ABOUT THIS TASK - Below are lines of data, and only some are wanted. Please repeat exactly those from the line that has "Skechers Men's Accessories" through the line that has "Venti Business hemd".

EXERCISE DATA -
-=-=-=-=-

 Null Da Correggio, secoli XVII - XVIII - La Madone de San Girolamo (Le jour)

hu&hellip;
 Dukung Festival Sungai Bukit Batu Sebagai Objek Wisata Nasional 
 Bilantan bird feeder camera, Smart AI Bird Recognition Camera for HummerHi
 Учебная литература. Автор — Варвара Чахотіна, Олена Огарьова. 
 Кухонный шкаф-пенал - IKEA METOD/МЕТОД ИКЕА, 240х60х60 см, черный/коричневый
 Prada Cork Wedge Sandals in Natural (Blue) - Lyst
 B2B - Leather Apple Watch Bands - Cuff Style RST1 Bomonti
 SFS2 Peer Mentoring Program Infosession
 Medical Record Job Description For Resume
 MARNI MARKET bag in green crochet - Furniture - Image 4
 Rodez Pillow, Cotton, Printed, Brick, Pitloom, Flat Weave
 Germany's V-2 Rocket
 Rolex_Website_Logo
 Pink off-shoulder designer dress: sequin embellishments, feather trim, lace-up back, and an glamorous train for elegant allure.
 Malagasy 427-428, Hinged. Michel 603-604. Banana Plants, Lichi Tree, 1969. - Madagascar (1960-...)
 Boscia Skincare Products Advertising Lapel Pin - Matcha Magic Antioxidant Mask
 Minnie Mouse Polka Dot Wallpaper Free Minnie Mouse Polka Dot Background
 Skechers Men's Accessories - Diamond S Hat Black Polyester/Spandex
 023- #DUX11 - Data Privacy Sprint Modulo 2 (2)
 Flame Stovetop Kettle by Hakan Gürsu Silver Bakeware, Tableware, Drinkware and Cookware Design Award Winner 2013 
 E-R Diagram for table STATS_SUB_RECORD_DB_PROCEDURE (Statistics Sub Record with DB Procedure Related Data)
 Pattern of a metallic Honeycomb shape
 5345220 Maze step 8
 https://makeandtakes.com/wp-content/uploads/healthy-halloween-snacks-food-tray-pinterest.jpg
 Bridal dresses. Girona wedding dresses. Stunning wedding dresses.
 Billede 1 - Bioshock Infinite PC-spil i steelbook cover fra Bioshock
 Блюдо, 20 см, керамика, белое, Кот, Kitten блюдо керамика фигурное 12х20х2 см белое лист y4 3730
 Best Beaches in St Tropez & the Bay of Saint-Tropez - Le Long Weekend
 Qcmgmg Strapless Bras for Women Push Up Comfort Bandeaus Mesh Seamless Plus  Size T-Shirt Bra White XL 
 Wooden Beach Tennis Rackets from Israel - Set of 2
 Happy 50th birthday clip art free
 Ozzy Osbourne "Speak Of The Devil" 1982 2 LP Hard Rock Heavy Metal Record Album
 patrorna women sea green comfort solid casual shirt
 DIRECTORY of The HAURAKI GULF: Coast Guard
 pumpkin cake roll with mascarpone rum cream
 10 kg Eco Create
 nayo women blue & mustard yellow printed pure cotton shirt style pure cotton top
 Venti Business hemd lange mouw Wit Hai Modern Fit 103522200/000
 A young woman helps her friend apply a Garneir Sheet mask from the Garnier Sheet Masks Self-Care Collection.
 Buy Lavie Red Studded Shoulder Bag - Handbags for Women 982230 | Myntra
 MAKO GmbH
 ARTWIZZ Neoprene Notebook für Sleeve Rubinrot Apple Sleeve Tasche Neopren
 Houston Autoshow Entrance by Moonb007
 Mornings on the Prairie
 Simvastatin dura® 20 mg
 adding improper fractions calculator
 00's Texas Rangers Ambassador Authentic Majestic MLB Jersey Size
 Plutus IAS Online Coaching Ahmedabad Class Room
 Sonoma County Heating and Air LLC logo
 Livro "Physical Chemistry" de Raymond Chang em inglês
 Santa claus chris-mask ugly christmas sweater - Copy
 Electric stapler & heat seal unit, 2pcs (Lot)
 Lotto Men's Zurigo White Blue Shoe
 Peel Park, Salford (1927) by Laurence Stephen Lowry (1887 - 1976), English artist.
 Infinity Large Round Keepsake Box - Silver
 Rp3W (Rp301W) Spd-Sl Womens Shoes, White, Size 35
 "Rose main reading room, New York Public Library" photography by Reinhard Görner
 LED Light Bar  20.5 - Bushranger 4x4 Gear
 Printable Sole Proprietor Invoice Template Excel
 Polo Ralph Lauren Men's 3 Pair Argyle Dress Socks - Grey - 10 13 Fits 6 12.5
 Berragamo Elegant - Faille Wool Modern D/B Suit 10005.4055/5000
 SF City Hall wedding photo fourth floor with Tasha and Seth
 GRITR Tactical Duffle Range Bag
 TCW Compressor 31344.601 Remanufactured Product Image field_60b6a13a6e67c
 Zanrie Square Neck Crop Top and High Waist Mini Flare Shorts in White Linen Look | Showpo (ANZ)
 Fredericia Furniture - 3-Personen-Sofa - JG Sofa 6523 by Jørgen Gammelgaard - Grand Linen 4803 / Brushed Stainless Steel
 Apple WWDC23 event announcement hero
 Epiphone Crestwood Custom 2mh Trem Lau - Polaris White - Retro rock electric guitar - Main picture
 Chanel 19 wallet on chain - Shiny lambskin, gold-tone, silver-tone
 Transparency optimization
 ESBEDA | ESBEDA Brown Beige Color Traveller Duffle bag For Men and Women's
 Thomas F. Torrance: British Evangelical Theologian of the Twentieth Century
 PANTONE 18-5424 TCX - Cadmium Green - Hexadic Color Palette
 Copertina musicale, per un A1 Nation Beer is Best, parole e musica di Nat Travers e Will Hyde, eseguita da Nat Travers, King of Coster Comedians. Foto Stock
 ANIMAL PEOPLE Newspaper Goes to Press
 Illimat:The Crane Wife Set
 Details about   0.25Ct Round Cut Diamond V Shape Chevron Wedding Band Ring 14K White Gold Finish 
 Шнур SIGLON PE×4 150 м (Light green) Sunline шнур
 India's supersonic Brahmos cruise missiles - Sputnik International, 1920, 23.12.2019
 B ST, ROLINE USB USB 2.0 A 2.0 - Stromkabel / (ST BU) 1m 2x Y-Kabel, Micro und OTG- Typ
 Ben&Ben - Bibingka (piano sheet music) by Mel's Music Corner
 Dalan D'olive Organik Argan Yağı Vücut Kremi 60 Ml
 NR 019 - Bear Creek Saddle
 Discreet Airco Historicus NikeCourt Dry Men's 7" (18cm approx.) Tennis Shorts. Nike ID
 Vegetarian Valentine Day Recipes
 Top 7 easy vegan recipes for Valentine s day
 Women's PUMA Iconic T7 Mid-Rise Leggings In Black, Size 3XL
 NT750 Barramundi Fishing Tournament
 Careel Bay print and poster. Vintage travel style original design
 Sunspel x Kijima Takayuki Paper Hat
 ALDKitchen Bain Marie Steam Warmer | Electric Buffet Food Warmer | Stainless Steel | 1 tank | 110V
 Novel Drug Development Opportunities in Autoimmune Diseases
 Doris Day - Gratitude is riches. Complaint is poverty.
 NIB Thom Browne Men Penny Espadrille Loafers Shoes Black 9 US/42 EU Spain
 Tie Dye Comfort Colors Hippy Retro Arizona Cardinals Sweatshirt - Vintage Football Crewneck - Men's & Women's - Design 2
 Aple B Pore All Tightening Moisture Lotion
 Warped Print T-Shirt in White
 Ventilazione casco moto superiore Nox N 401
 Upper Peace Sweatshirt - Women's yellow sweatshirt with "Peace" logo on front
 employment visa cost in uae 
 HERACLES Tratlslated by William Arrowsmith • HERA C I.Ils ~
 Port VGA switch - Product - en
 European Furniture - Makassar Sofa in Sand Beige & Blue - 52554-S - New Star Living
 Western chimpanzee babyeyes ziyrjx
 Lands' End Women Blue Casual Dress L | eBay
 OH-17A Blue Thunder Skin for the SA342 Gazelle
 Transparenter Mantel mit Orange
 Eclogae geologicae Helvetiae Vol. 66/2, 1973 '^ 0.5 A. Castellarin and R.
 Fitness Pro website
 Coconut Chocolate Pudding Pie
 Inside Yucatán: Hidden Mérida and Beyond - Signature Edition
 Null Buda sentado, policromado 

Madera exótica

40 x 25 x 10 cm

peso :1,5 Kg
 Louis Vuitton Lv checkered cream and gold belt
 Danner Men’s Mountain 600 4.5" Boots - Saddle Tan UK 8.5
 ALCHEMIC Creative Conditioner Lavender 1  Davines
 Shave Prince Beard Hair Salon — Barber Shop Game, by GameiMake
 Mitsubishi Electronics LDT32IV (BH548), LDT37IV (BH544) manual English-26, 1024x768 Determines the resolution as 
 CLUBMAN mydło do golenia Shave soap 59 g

-=-=-=-=-

WRITTEN ANSWER -
 Skechers Men's Accessories - Diamond S Hat Black Polyester/Spandex
 023- #DUX11 - Data Privacy Sprint Modulo 2 (2)
 Flame Stovetop Kettle by Hakan Gürsu Silver Bakeware, Tableware, Drinkware and Cookware Design Award Winner 2013 
 E-R Diagram for table STATS_SUB_RECORD_DB_PROCEDURE (Statistics Sub Record with DB Procedure Related Data)
 Pattern of a metallic Honeycomb shape
 5345220 Maze step 8
 https://makeandtakes.com/wp-content/uploads/healthy-halloween-snacks-food-tray-pinterest.jpg
 Bridal dresses. Girona wedding dresses. Stunning wedding dresses.
 Billede 1 - Bioshock Infinite PC-spil i steelbook cover fra Bioshock
 Блюдо, 20 см, керамика, белое, Кот, Kitten блюдо керамика фигурное 12х20х2 см белое лист y4 3730
 Best Beaches in St Tropez & the Bay of Saint-Tropez - Le Long Weekend
 Qcmgmg Strapless Bras for Women Push Up Comfort Bandeaus Mesh Seamless Plus  Size T-Shirt Bra White XL 
 Wooden Beach Tennis Rackets from Israel - Set of 2
 Happy 50th birthday clip art free
 Ozzy Osbourne "Speak Of The Devil" 1982 2 LP Hard Rock Heavy Metal Record Album
 patrorna women sea green comfort solid casual shirt
 DIRECTORY of The HAURAKI GULF: Coast Guard
 pumpkin cake roll with mascarpone rum cream
 10 kg Eco Create
 nayo women blue & mustard yellow printed pure cotton shirt style pure cotton top
 Venti Business hemd lange mouw Wit Hai Modern Fit 103522200/000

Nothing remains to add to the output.